Start of Block

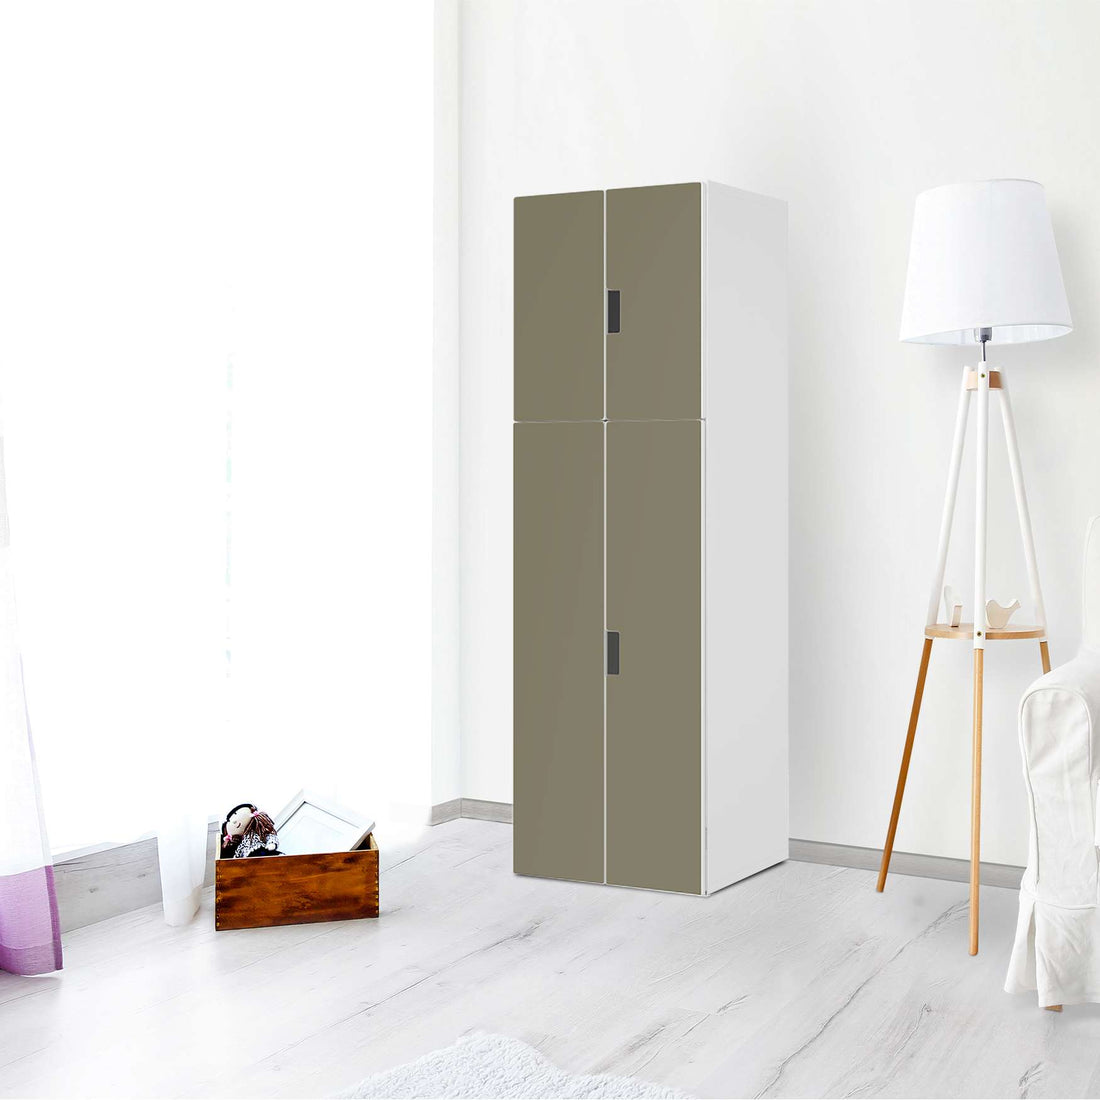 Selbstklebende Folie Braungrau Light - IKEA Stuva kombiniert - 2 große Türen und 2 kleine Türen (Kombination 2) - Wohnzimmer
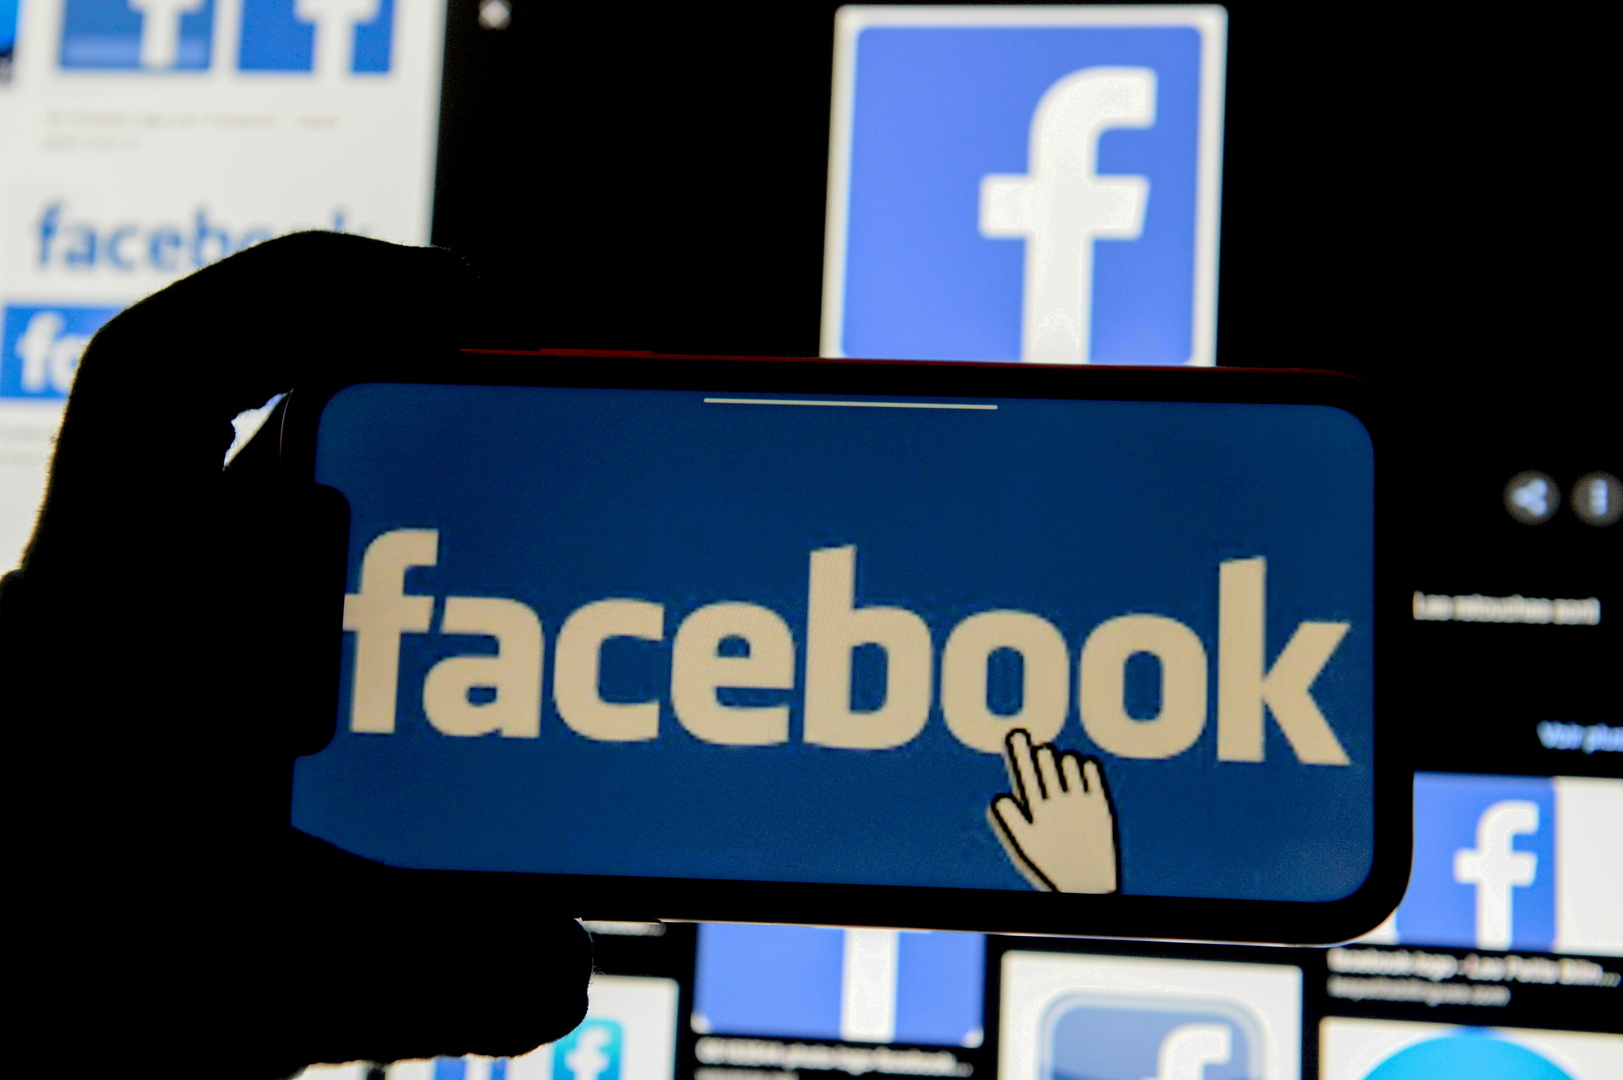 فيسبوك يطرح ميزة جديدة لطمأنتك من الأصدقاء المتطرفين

End of Block
Start of Block

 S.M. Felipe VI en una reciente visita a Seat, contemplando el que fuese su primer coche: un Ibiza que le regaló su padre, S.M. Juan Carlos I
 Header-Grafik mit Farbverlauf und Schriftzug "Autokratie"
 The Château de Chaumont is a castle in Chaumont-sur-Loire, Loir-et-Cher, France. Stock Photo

End of Block
Start of Block

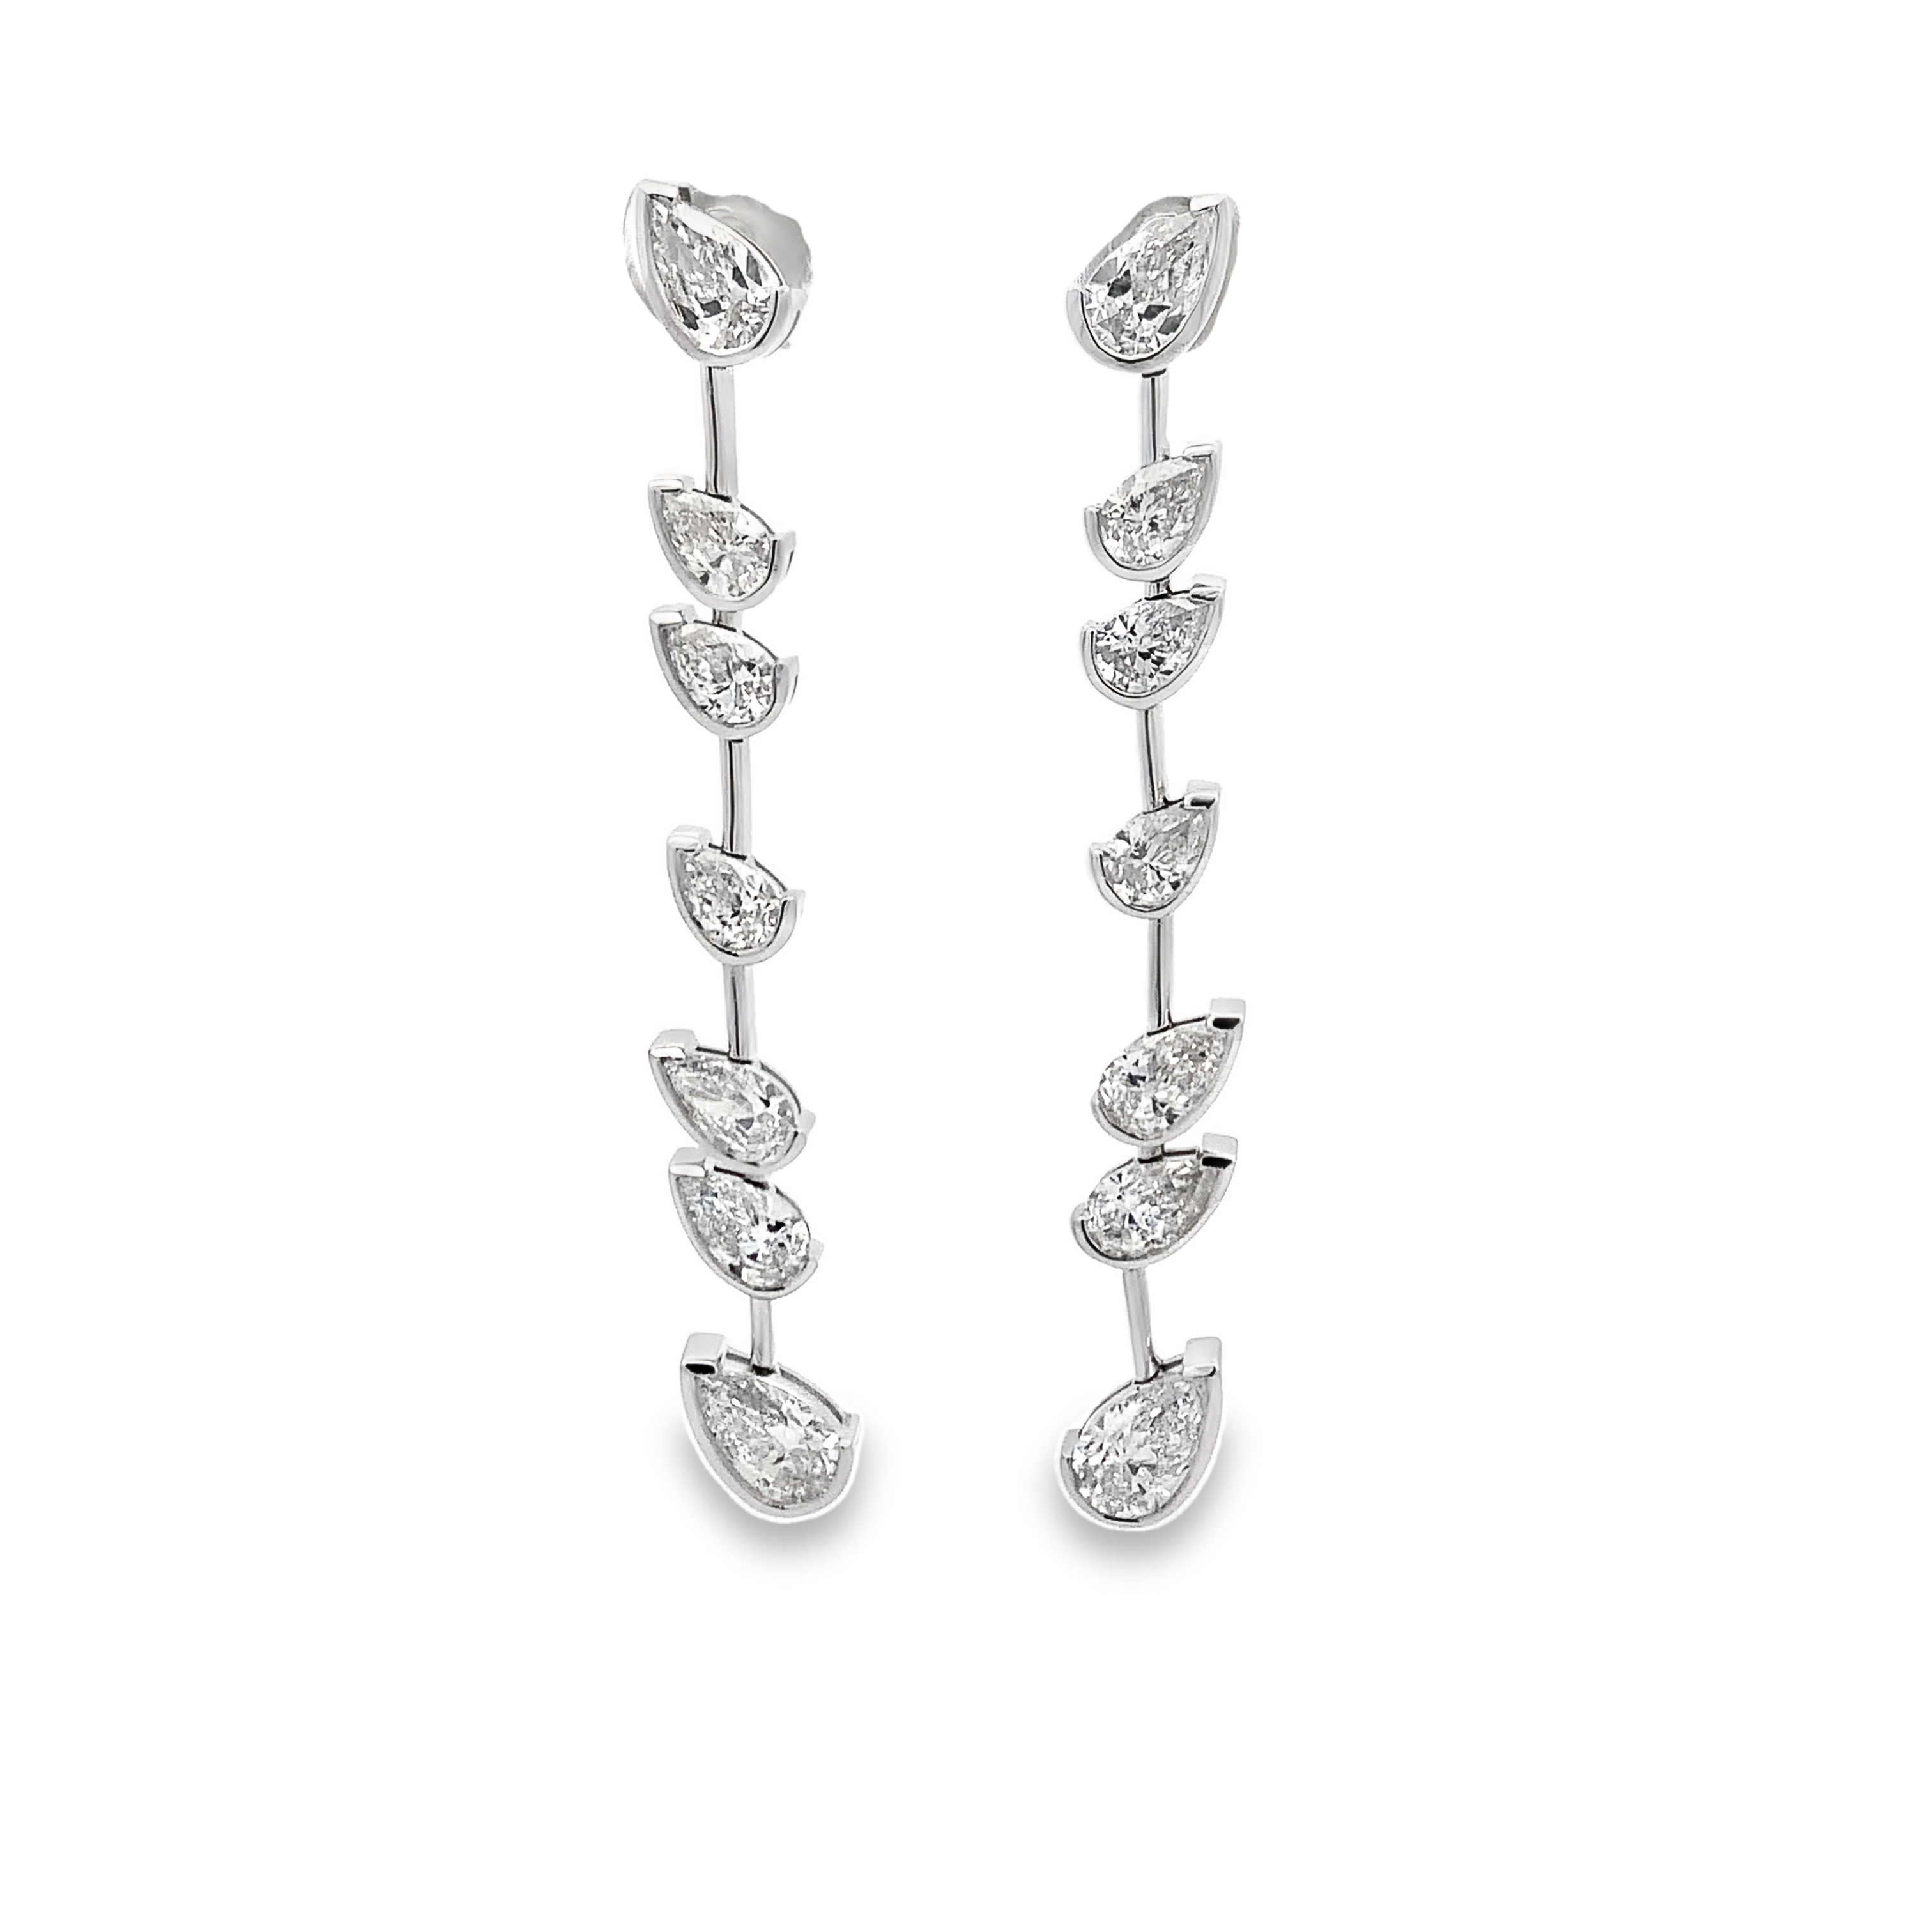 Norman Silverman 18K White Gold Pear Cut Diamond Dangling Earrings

End of Block

§ **WHAT YOU HAVE TO DO**
Look through the data above and return exactly the lines from the one that contains "S.M. Felipe VI" to the one that contains "The Château de", inclusive, with nothing else.

§ **SOLUTION TO THE PROBLEM**
 S.M. Felipe VI en una reciente visita a Seat, contemplando el que fuese su primer coche: un Ibiza que le regaló su padre, S.M. Juan Carlos I
 Header-Grafik mit Farbverlauf und Schriftzug "Autokratie"
 The Château de Chaumont is a castle in Chaumont-sur-Loire, Loir-et-Cher, France. Stock Photo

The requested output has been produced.